> Work to be completed
The copy you return must begin at the line containing "15 x H 5 cm" and end at the final line of the listing below, with every picture left out.

> Collected material
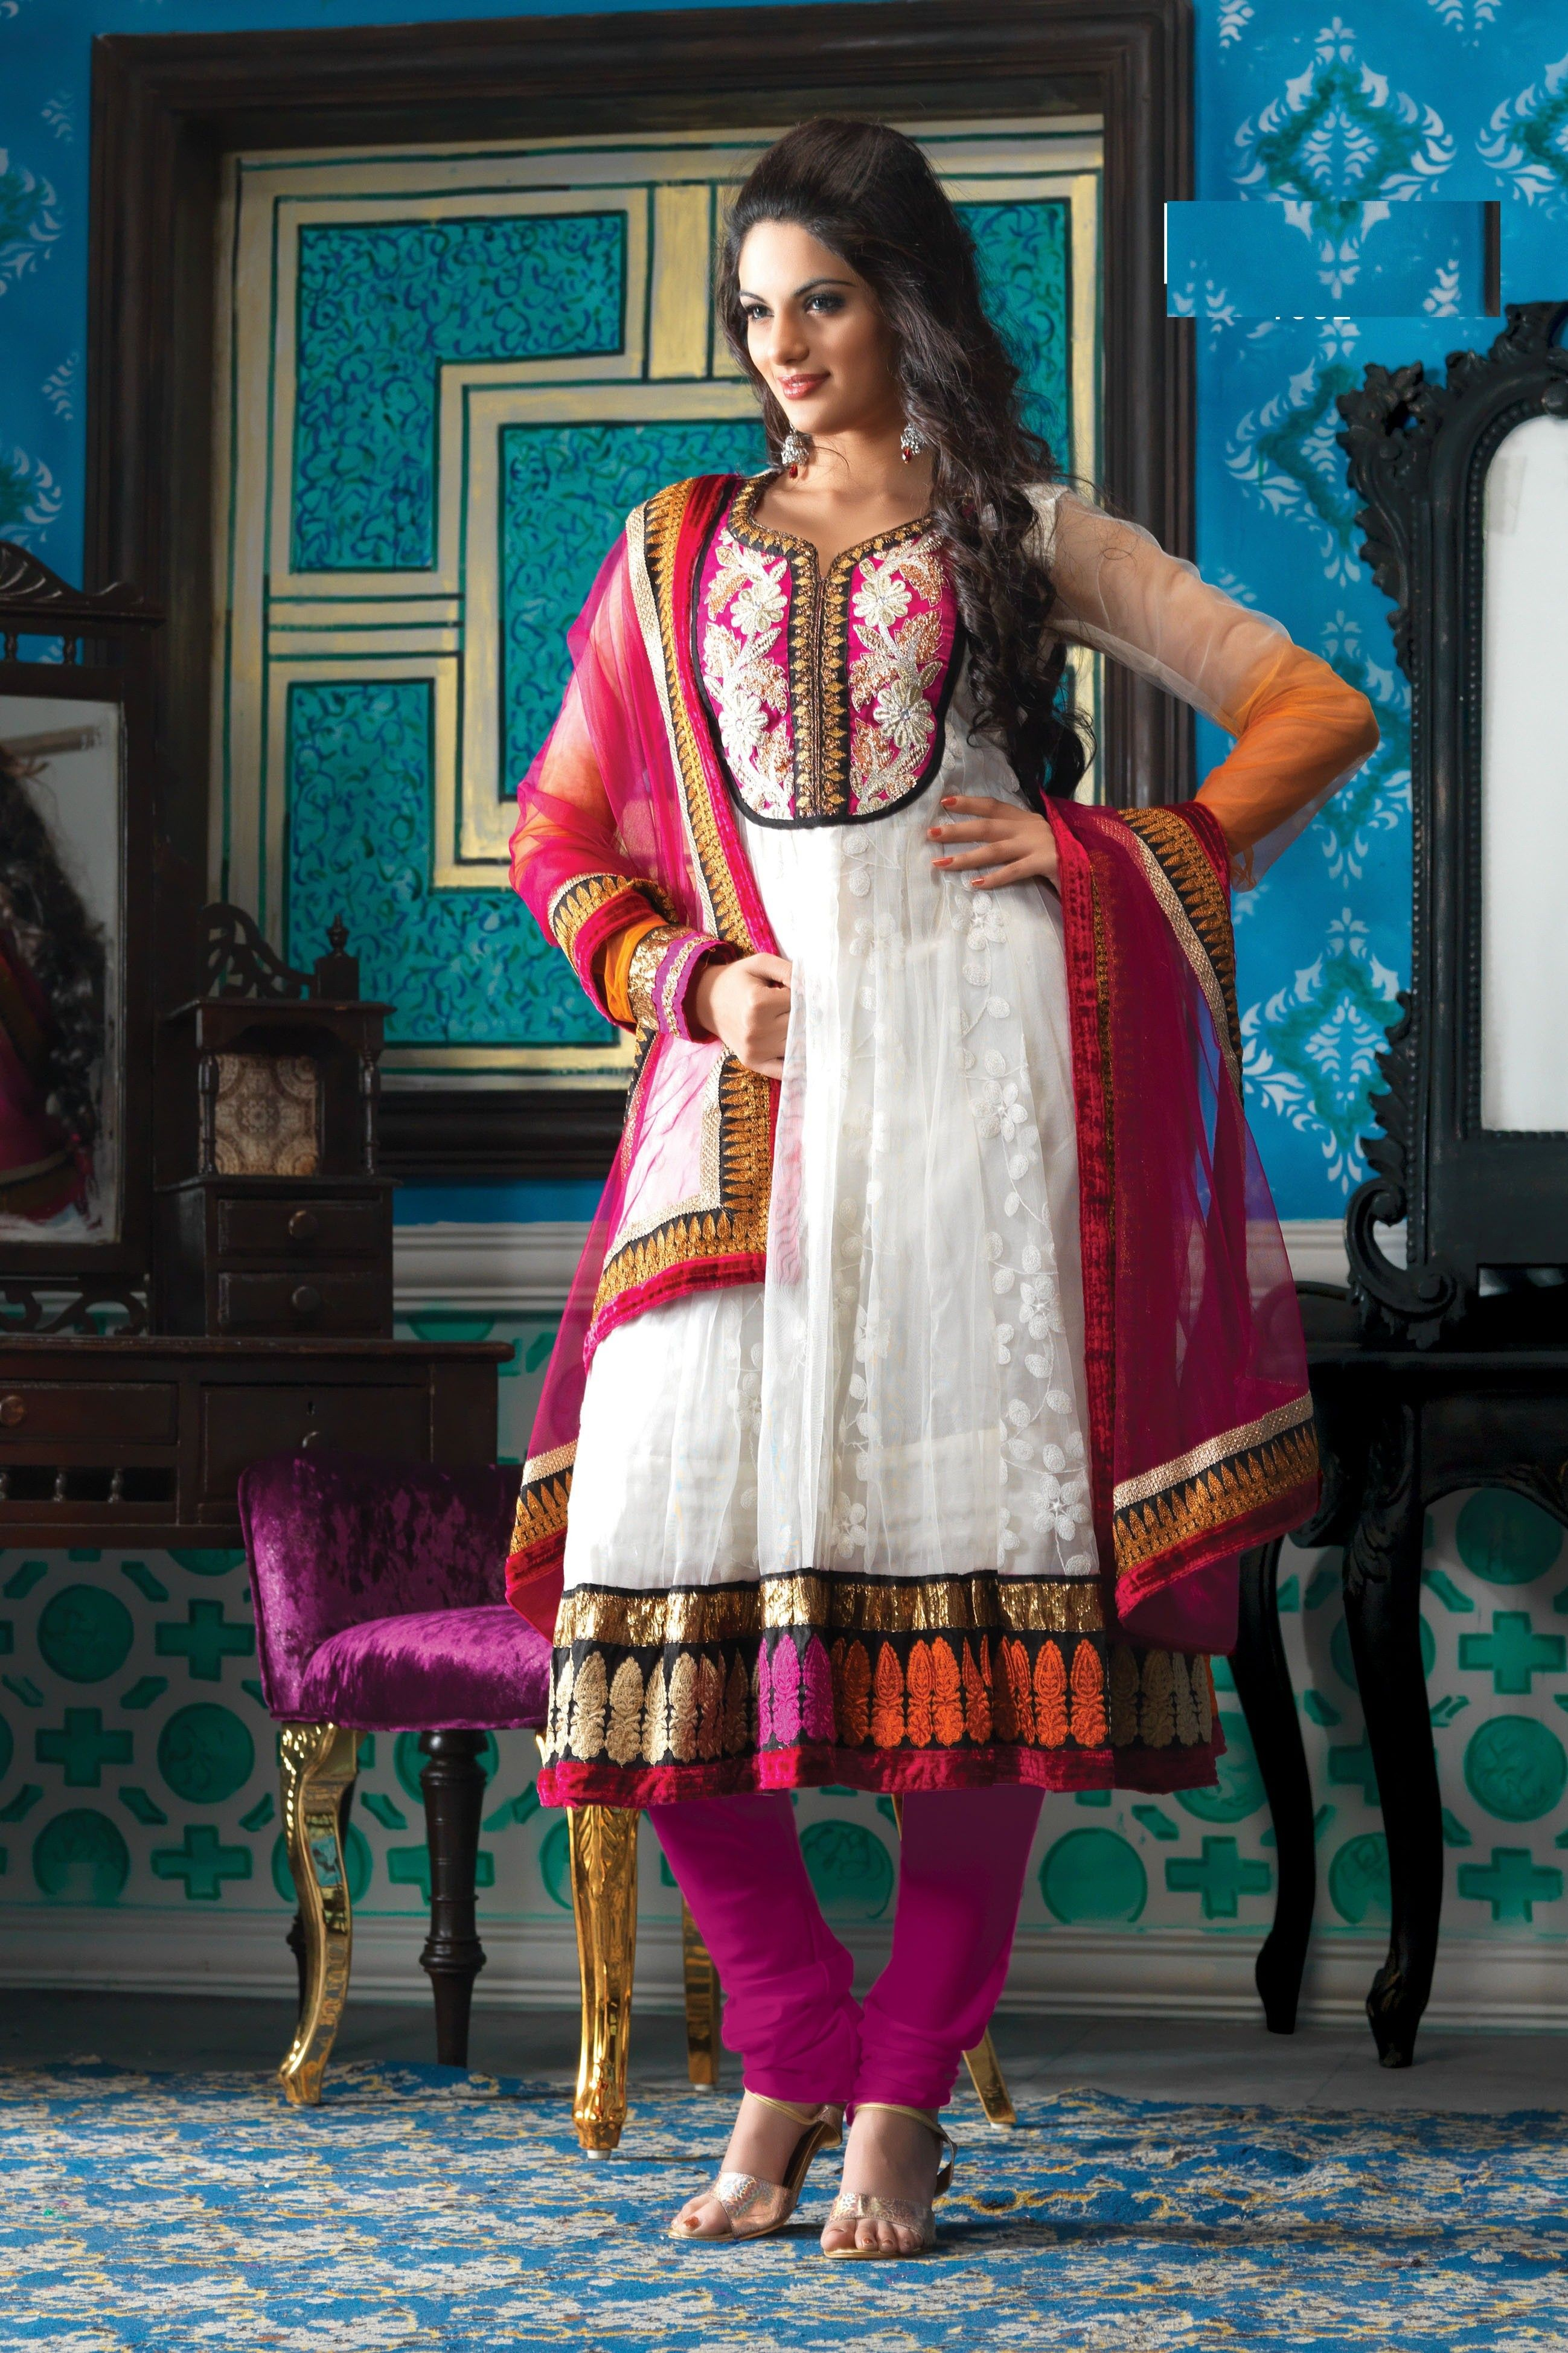 Wholesale Womens Fitness Clothing Manufacturer in USA, China Wholesale fashion clothing india
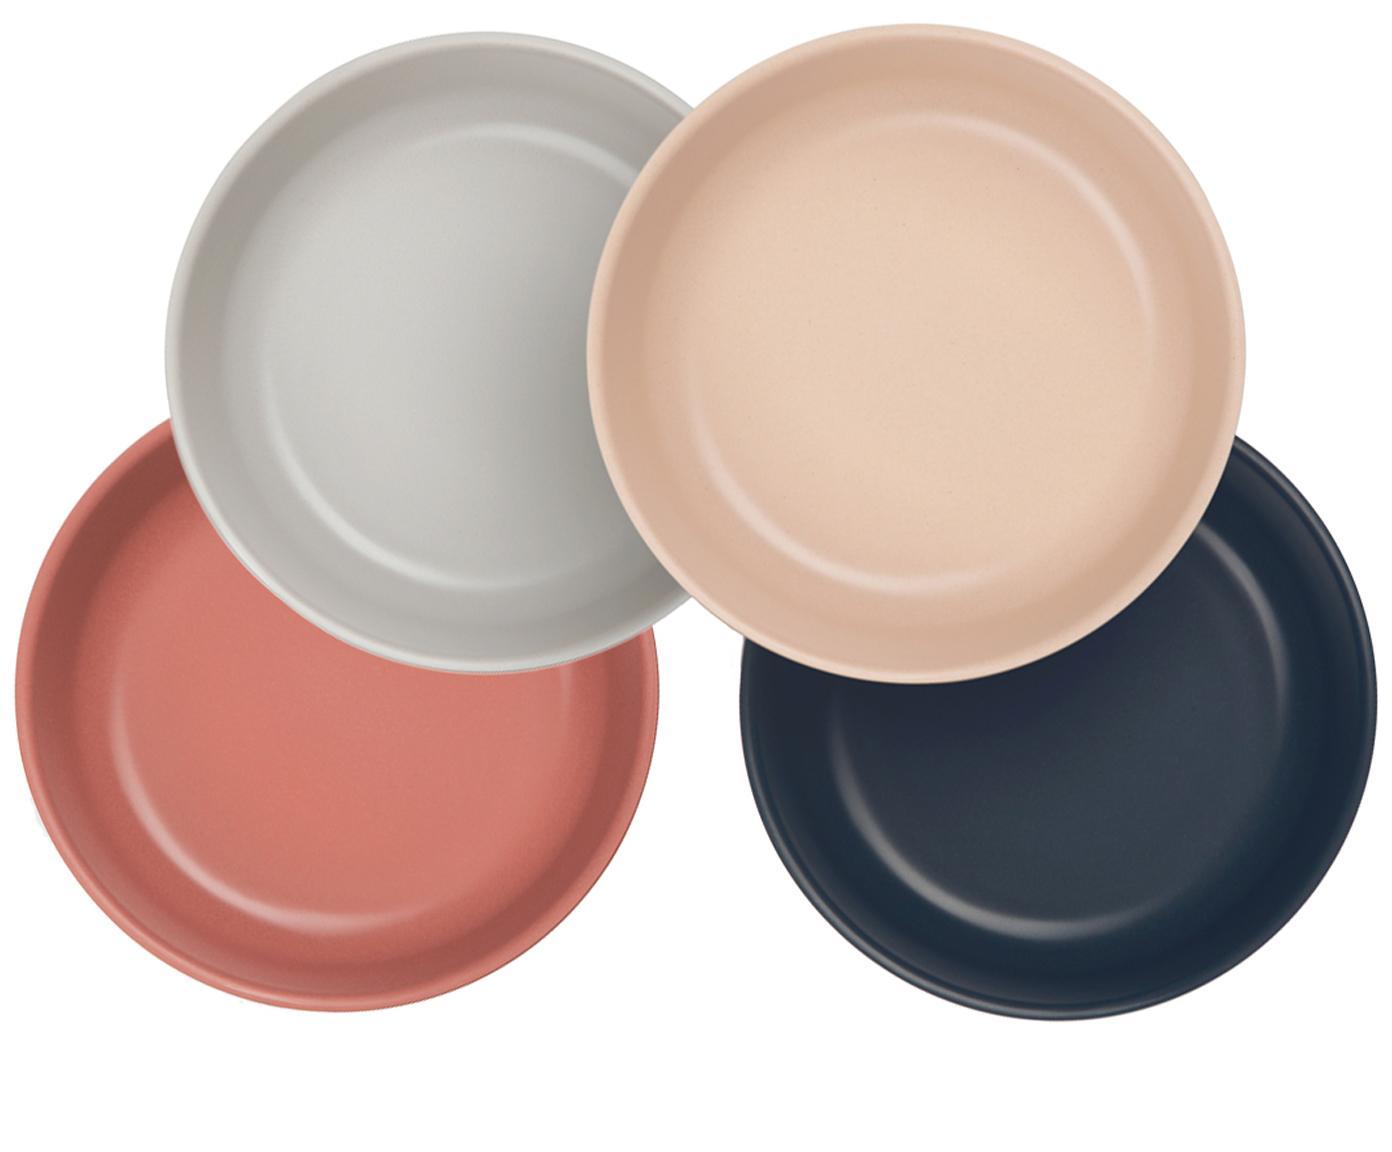 Schalenset Bambino, 4-delig, Bamboehoutvezels, melamine, voedselveilig BPA-, PVC- en ftalatenvrij, Zalmkleurig, lichtgrijs, grijs, terracottarood, Ø 15 x H 5 cm
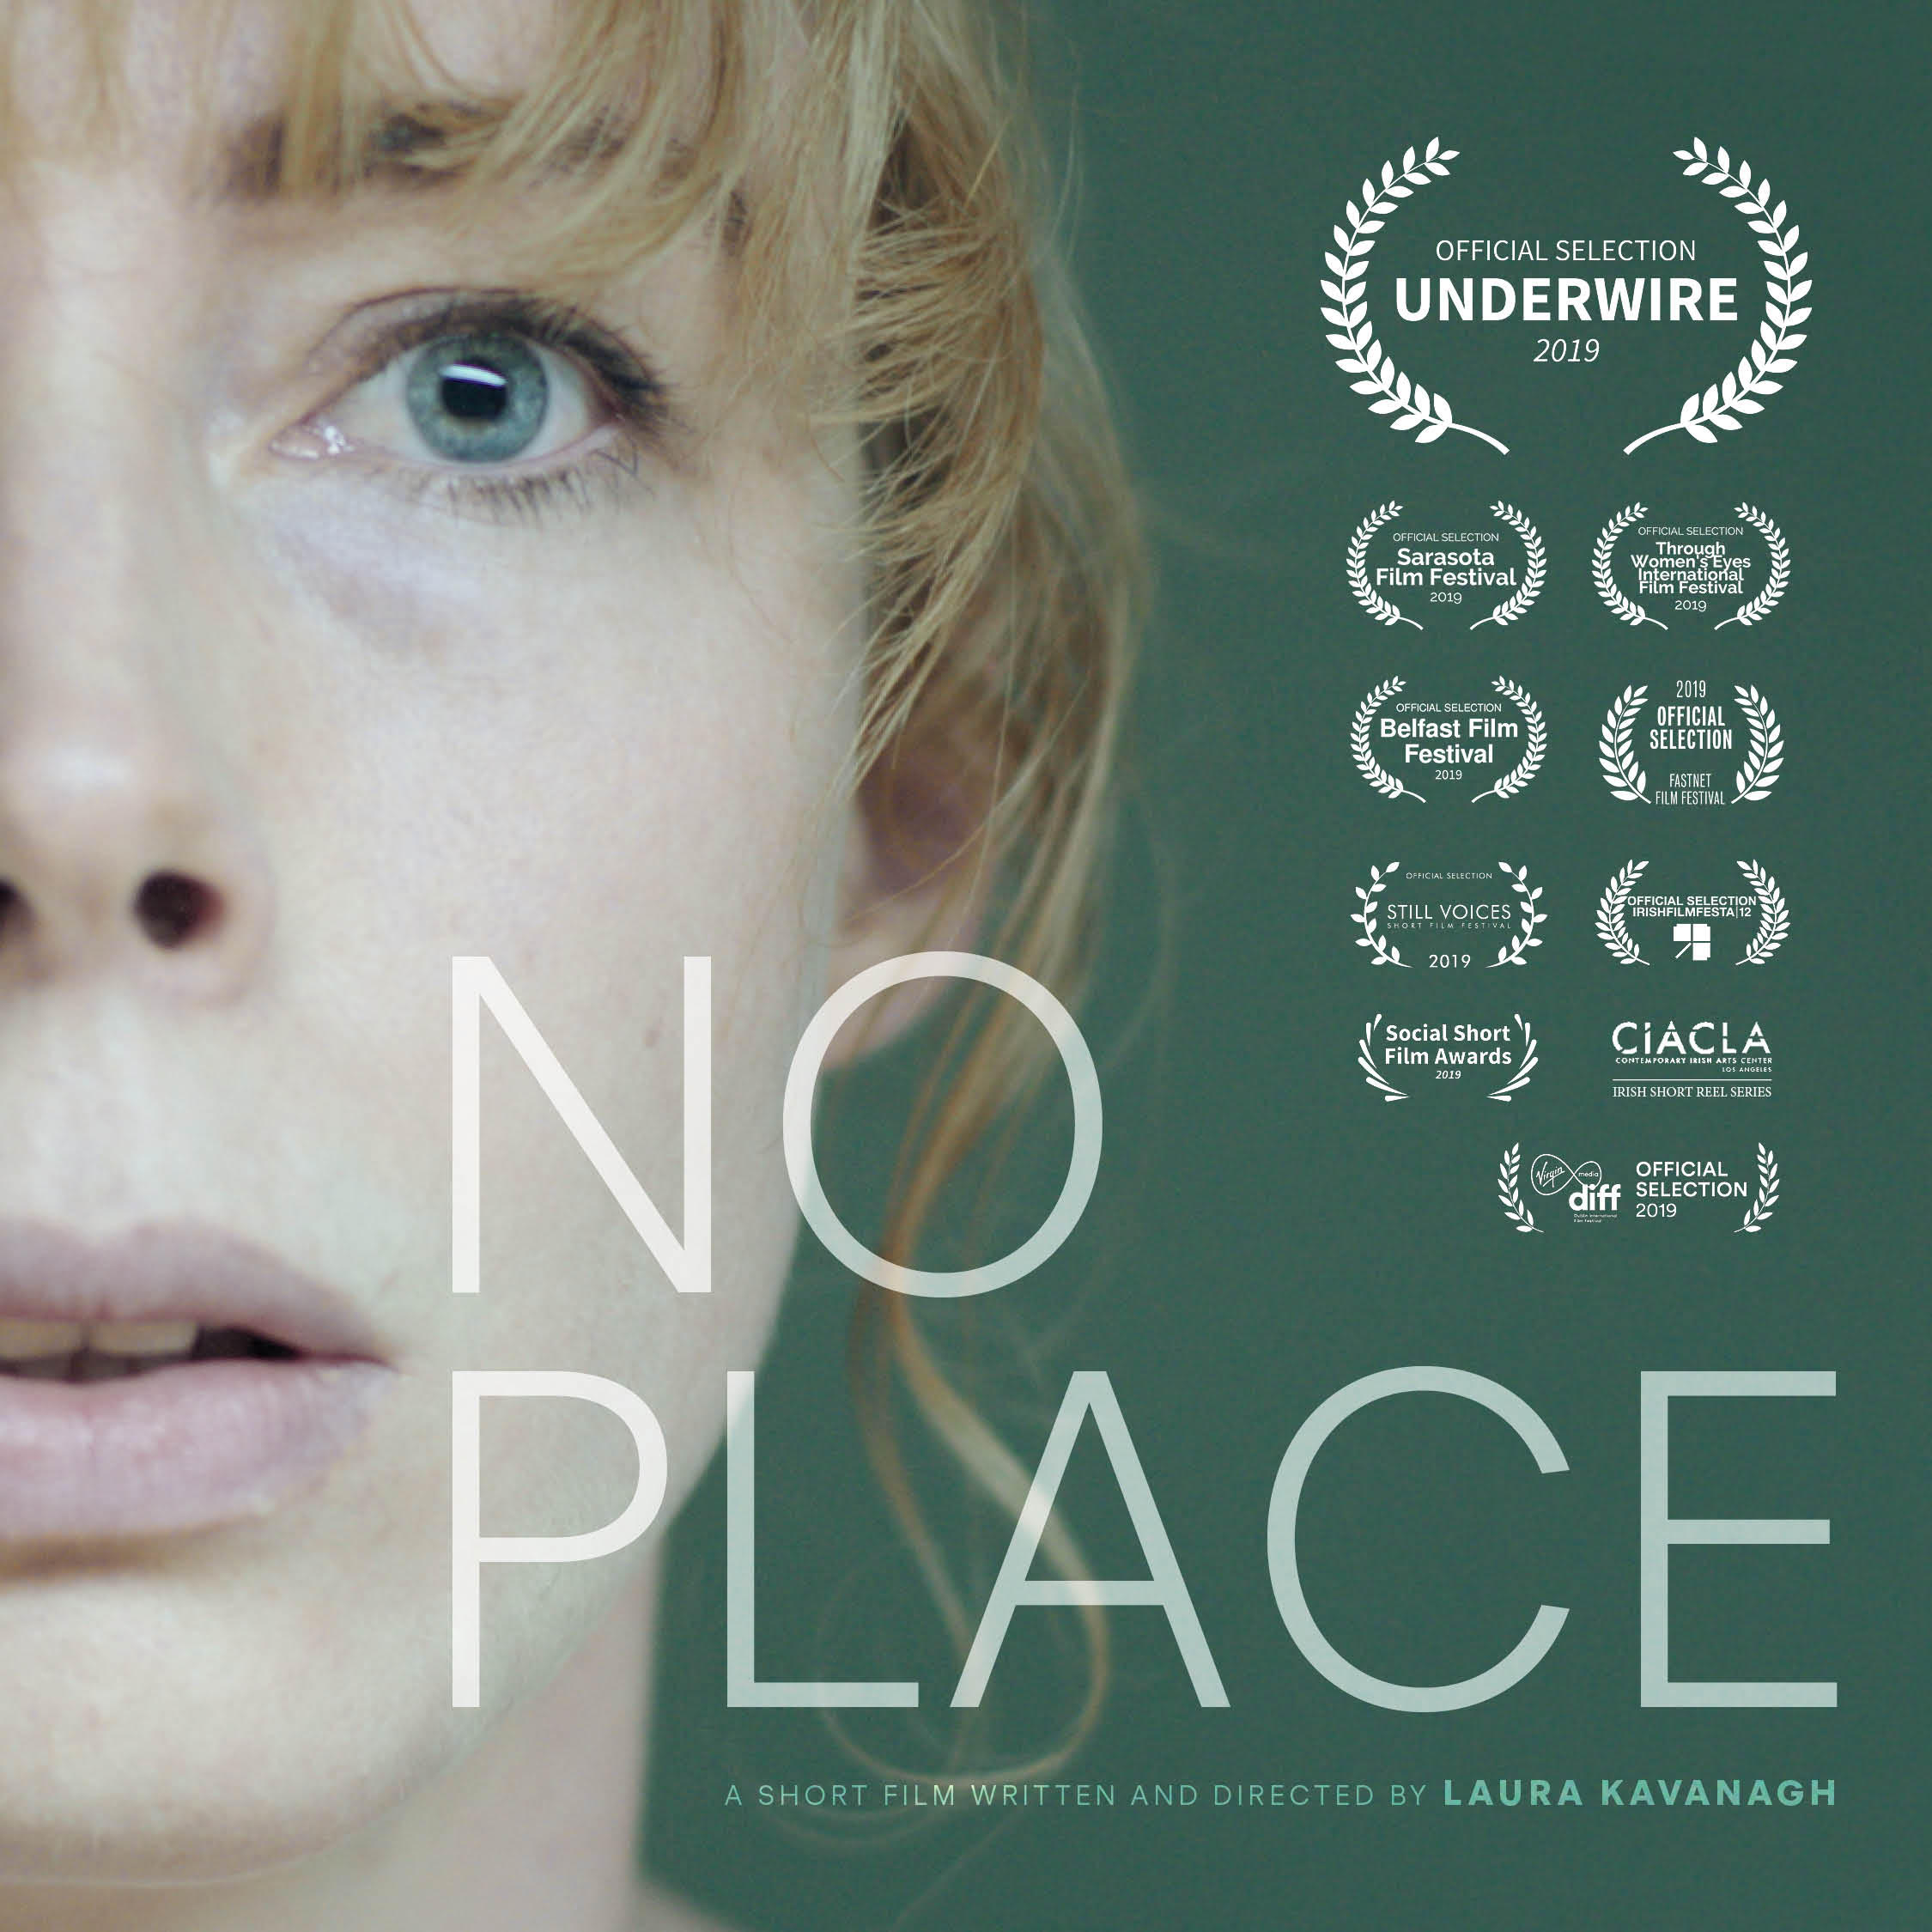 Laura Kavanagh's Short NO PLACE

> Solution for this exercise
 Schalenset Bambino, 4-delig, Bamboehoutvezels, melamine, voedselveilig BPA-, PVC- en ftalatenvrij, Zalmkleurig, lichtgrijs, grijs, terracottarood, Ø 15 x H 5 cm
 Laura Kavanagh's Short NO PLACE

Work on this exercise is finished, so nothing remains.